Extracted data:
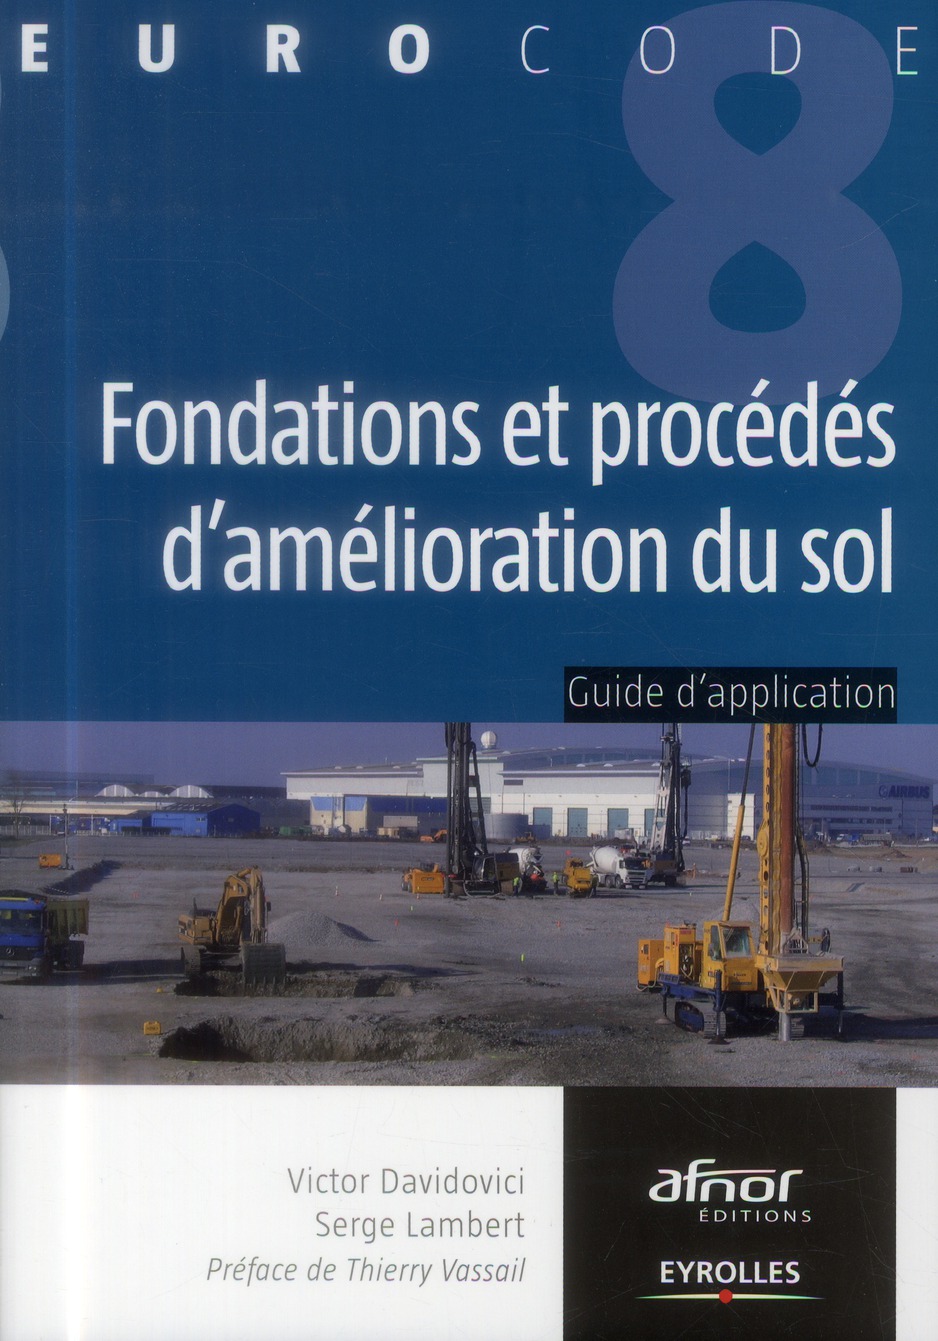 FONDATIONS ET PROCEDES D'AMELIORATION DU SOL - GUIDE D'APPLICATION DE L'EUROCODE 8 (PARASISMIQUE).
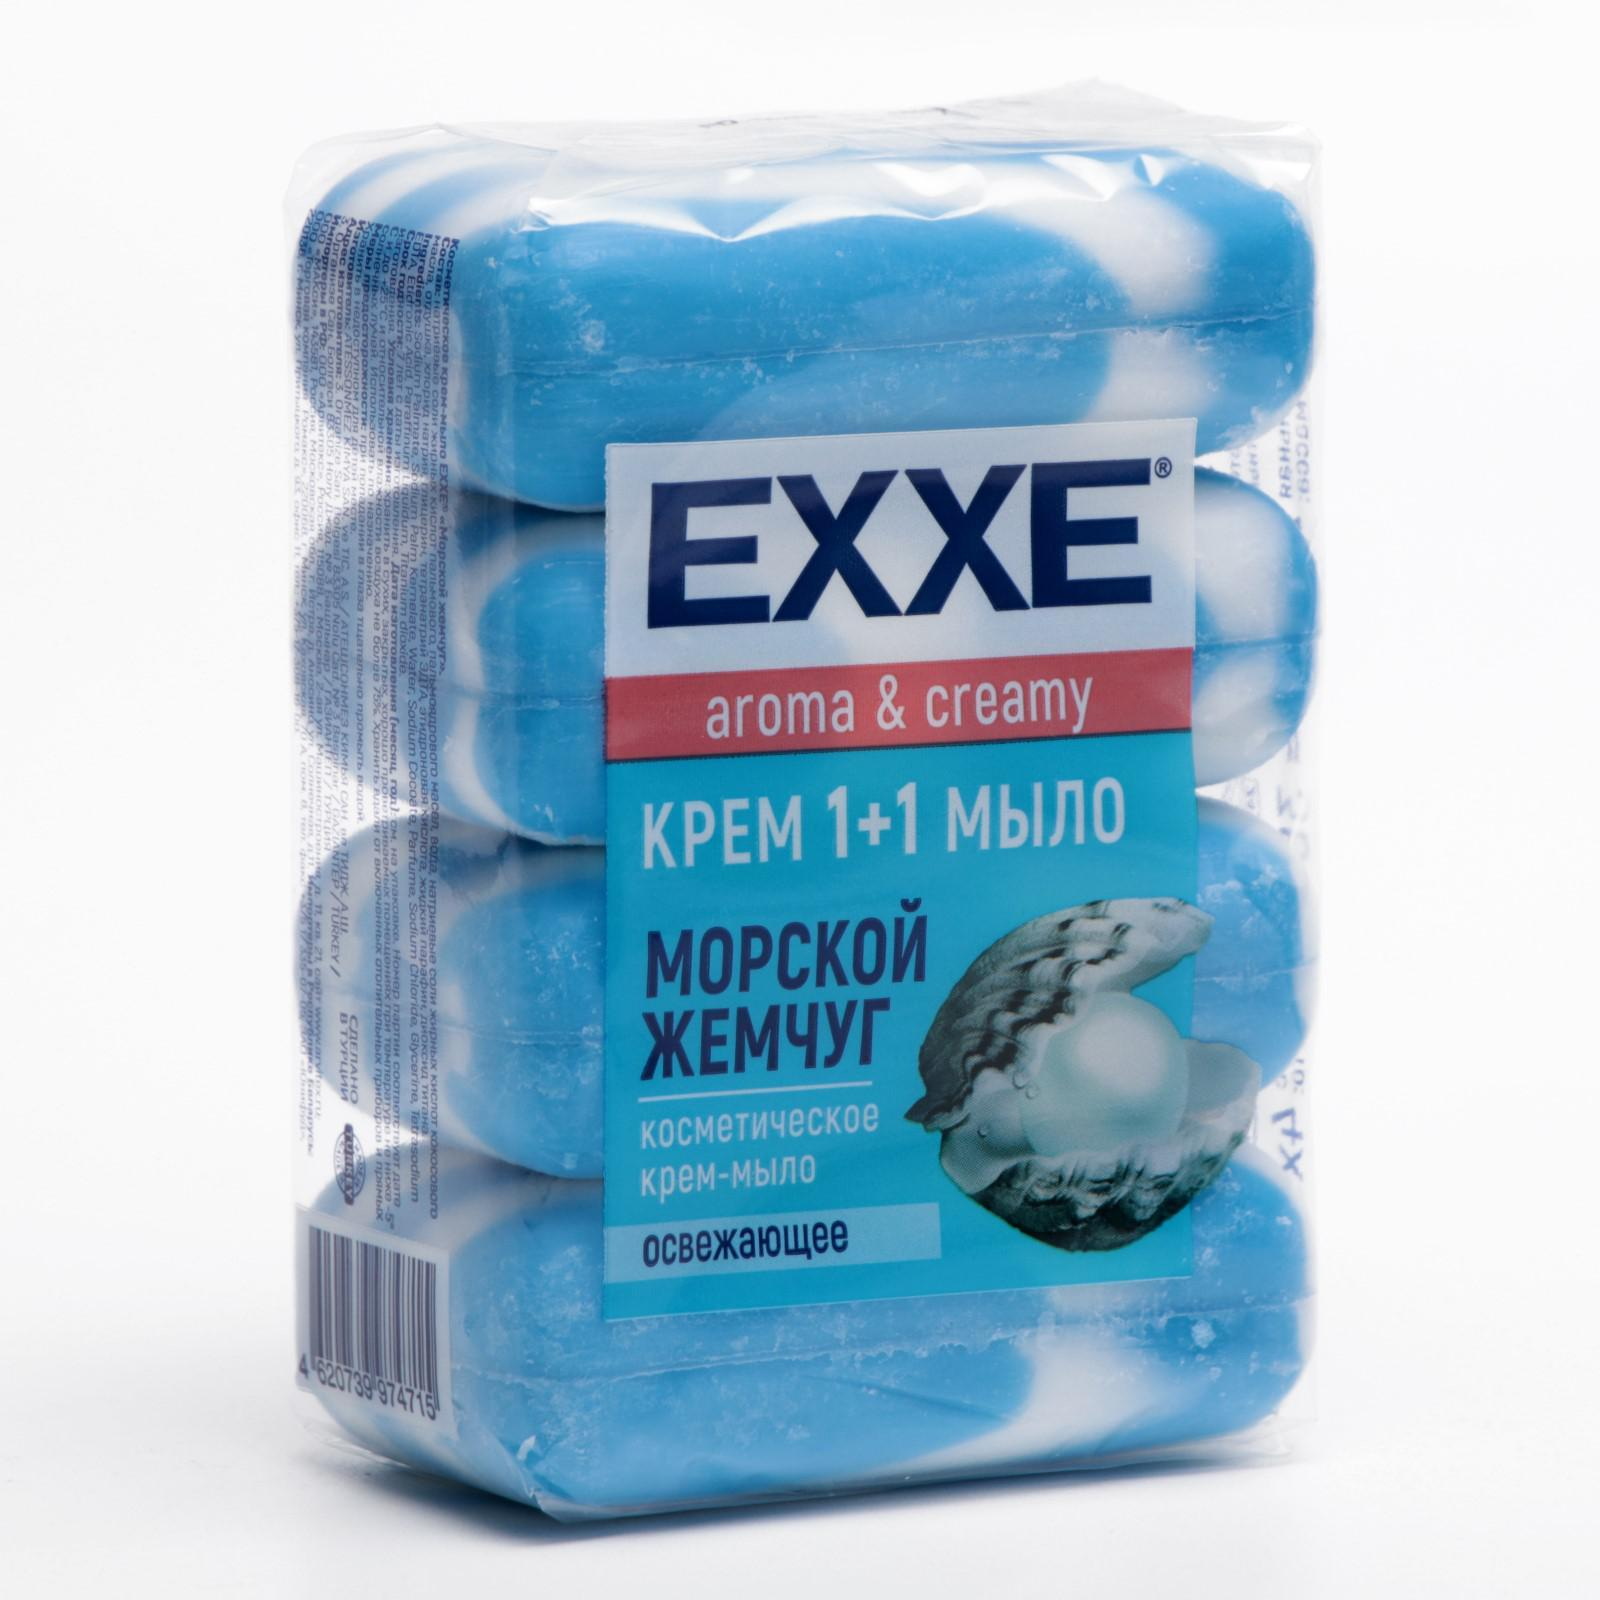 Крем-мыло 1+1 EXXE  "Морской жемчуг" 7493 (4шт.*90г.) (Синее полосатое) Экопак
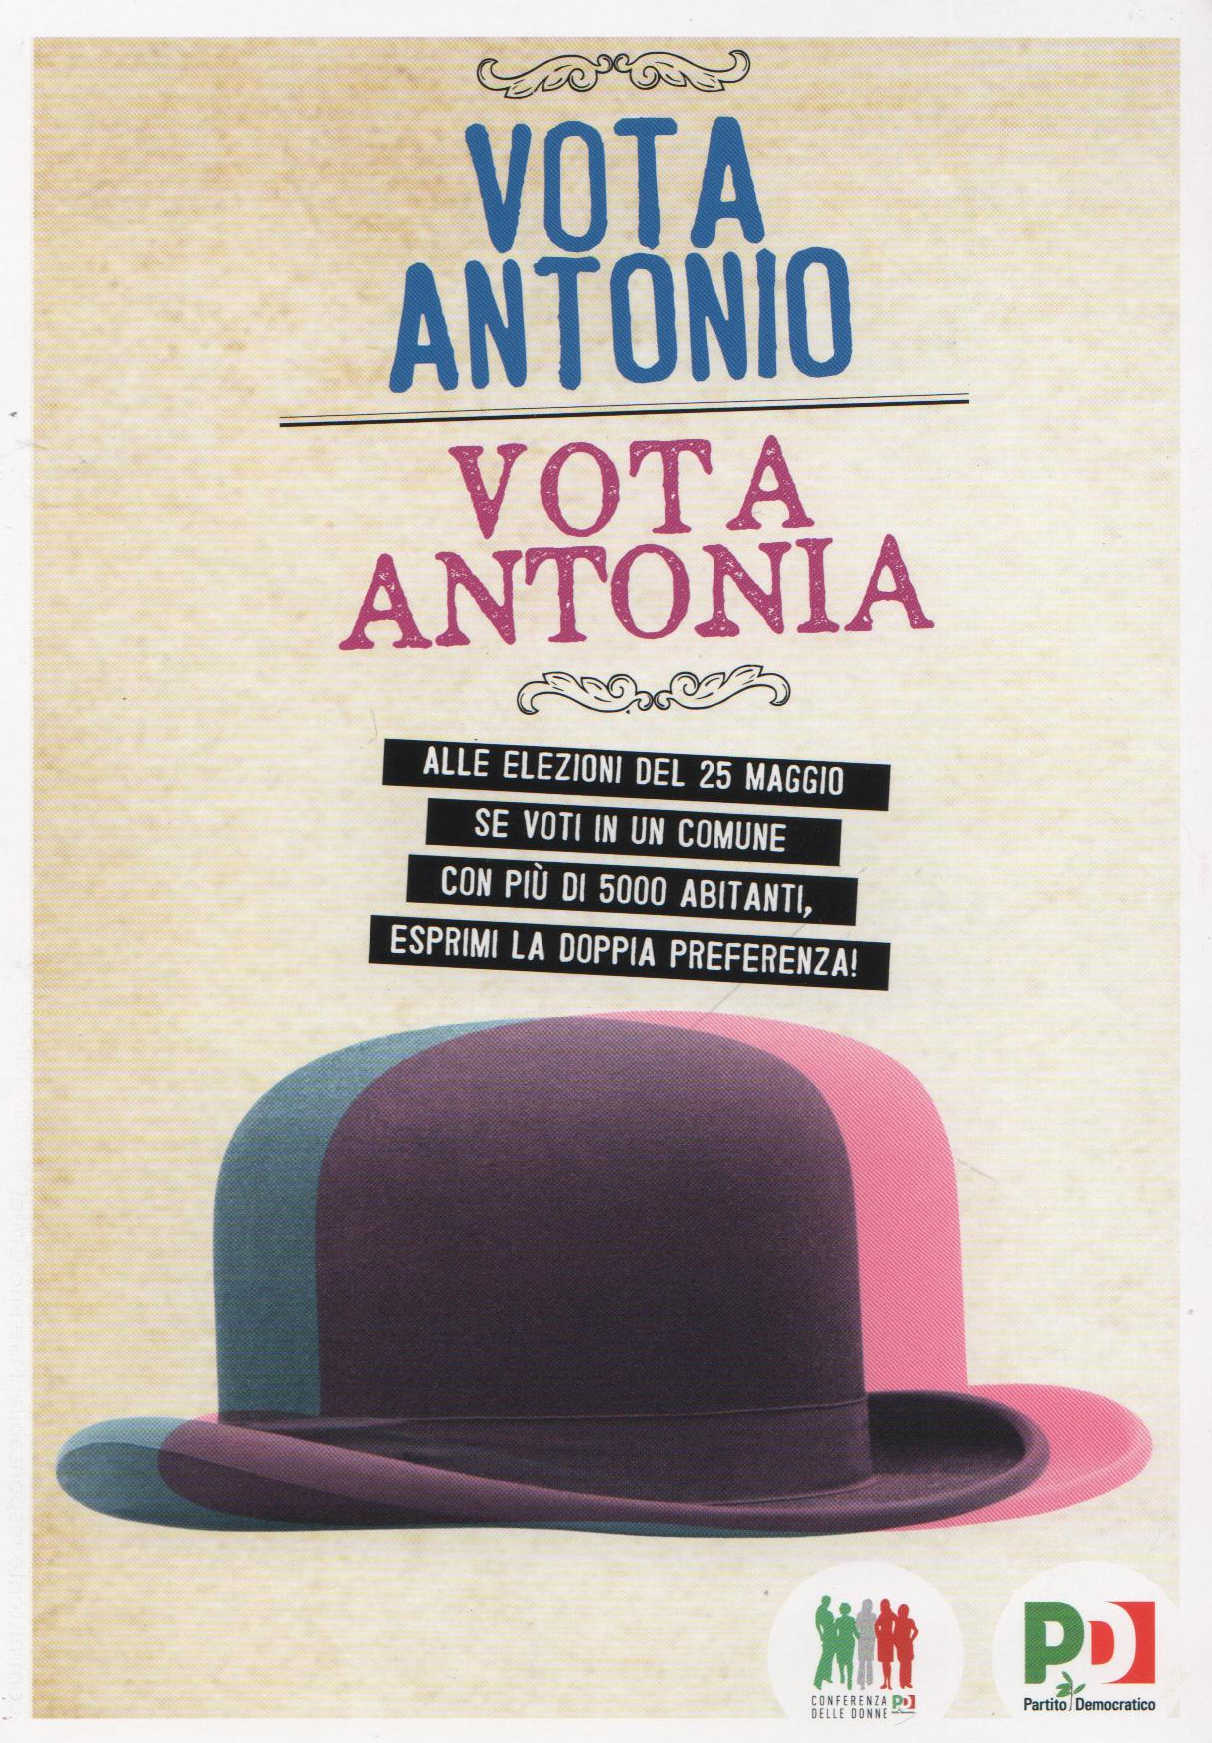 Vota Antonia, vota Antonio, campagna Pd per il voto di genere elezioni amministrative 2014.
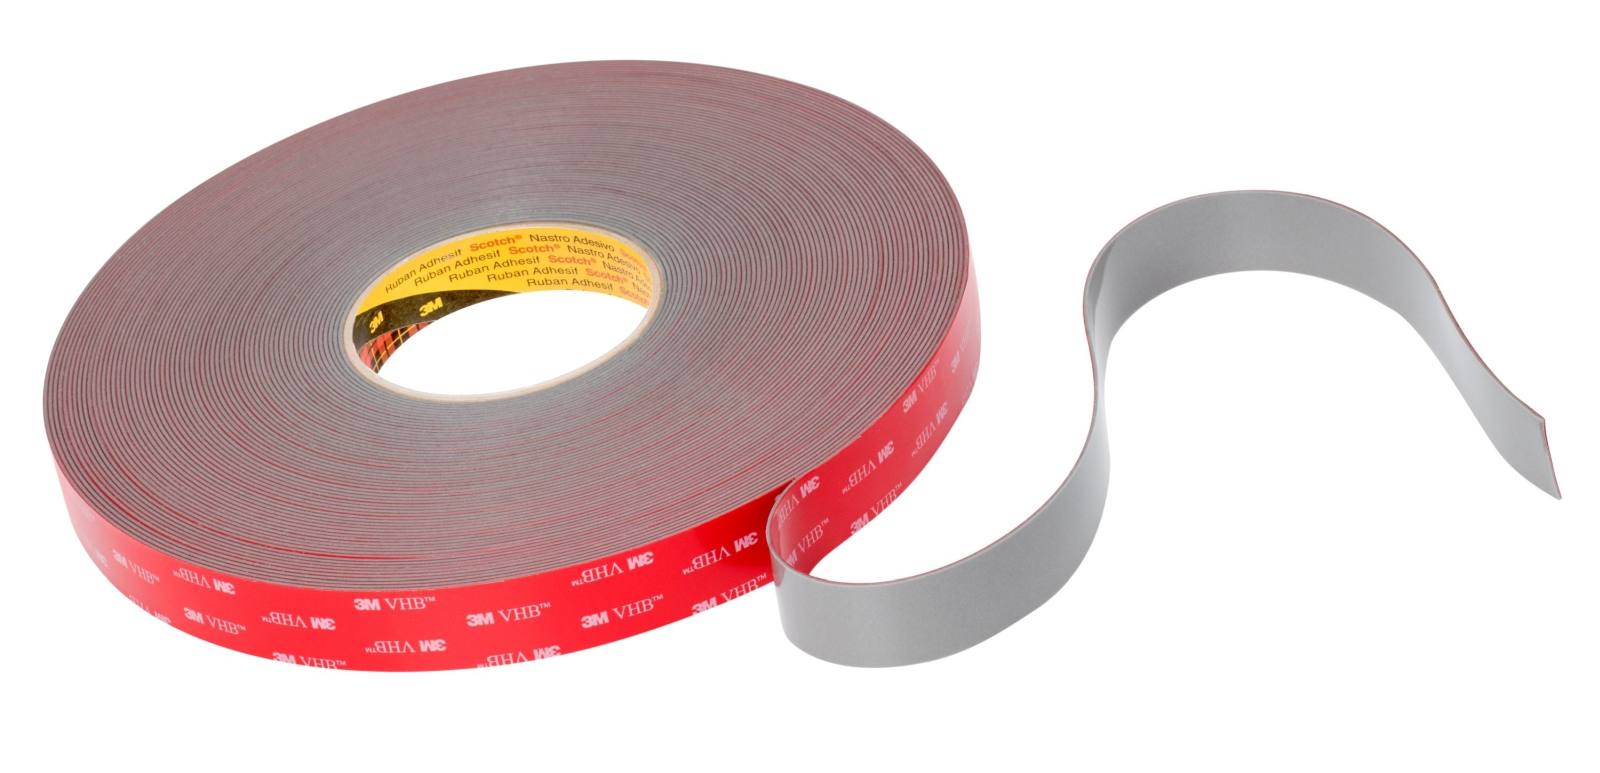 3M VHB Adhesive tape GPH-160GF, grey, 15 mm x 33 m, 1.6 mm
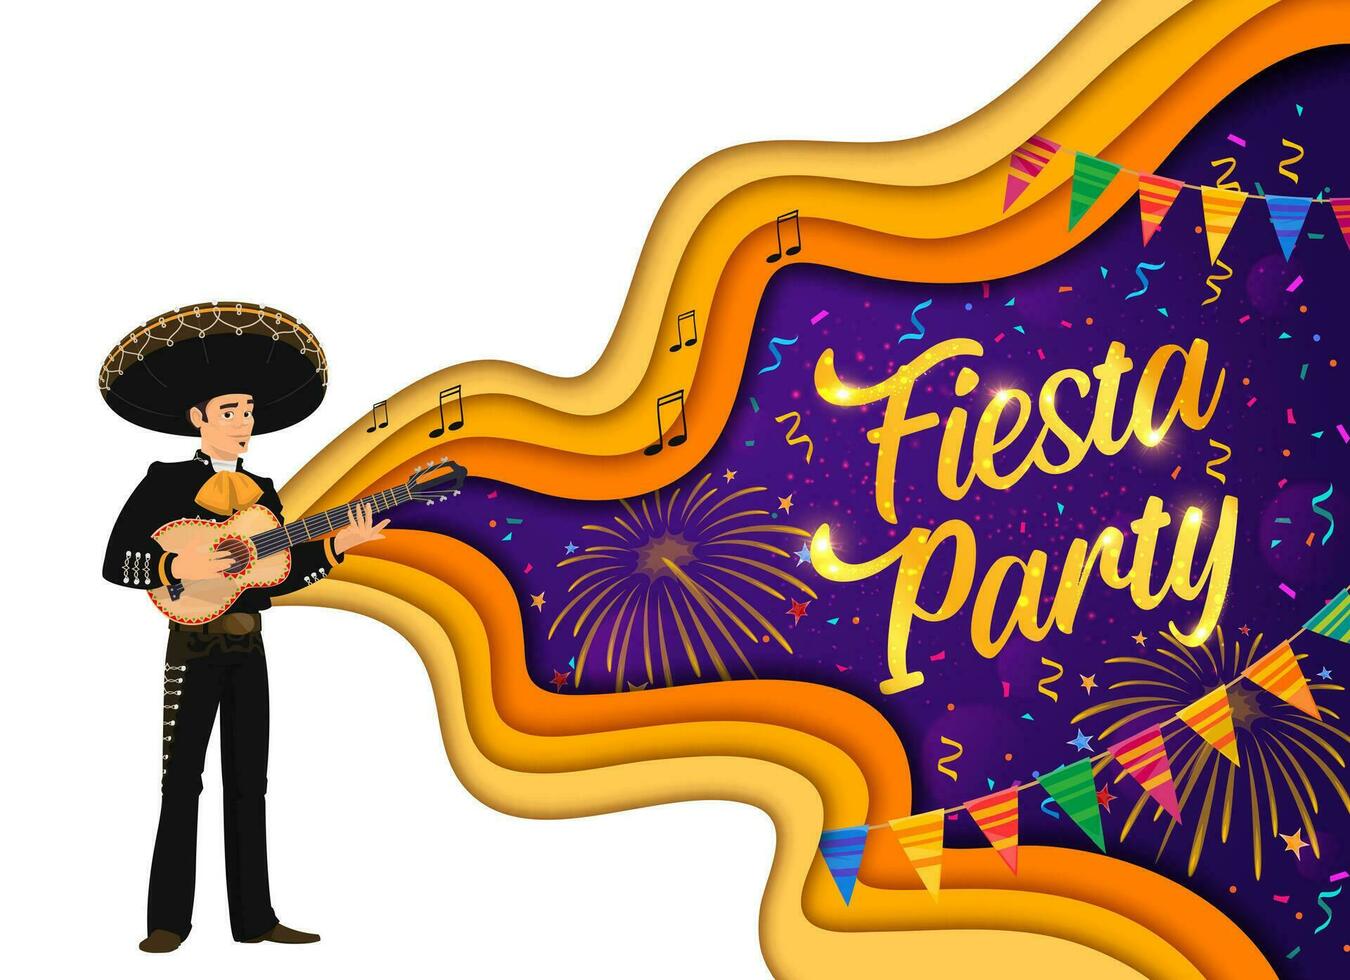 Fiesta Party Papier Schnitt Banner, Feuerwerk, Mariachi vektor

Task brief: Except for the pictures, set down all of the records exactly.

Answer box:
 FONDATIONS ET PROCEDES D'AMELIORATION DU SOL - GUIDE D'APPLICATION DE L'EUROCODE 8 (PARASISMIQUE).
 Крем-мыло 1+1 EXXE  "Морской жемчуг" 7493 (4шт.*90г.) (Синее полосатое) Экопак
 Vota Antonia, vota Antonio, campagna Pd per il voto di genere elezioni amministrative 2014.
 3M VHB Adhesive tape GPH-160GF, grey, 15 mm x 33 m, 1.6 mm
 Fiesta Party Papier Schnitt Banner, Feuerwerk, Mariachi vektor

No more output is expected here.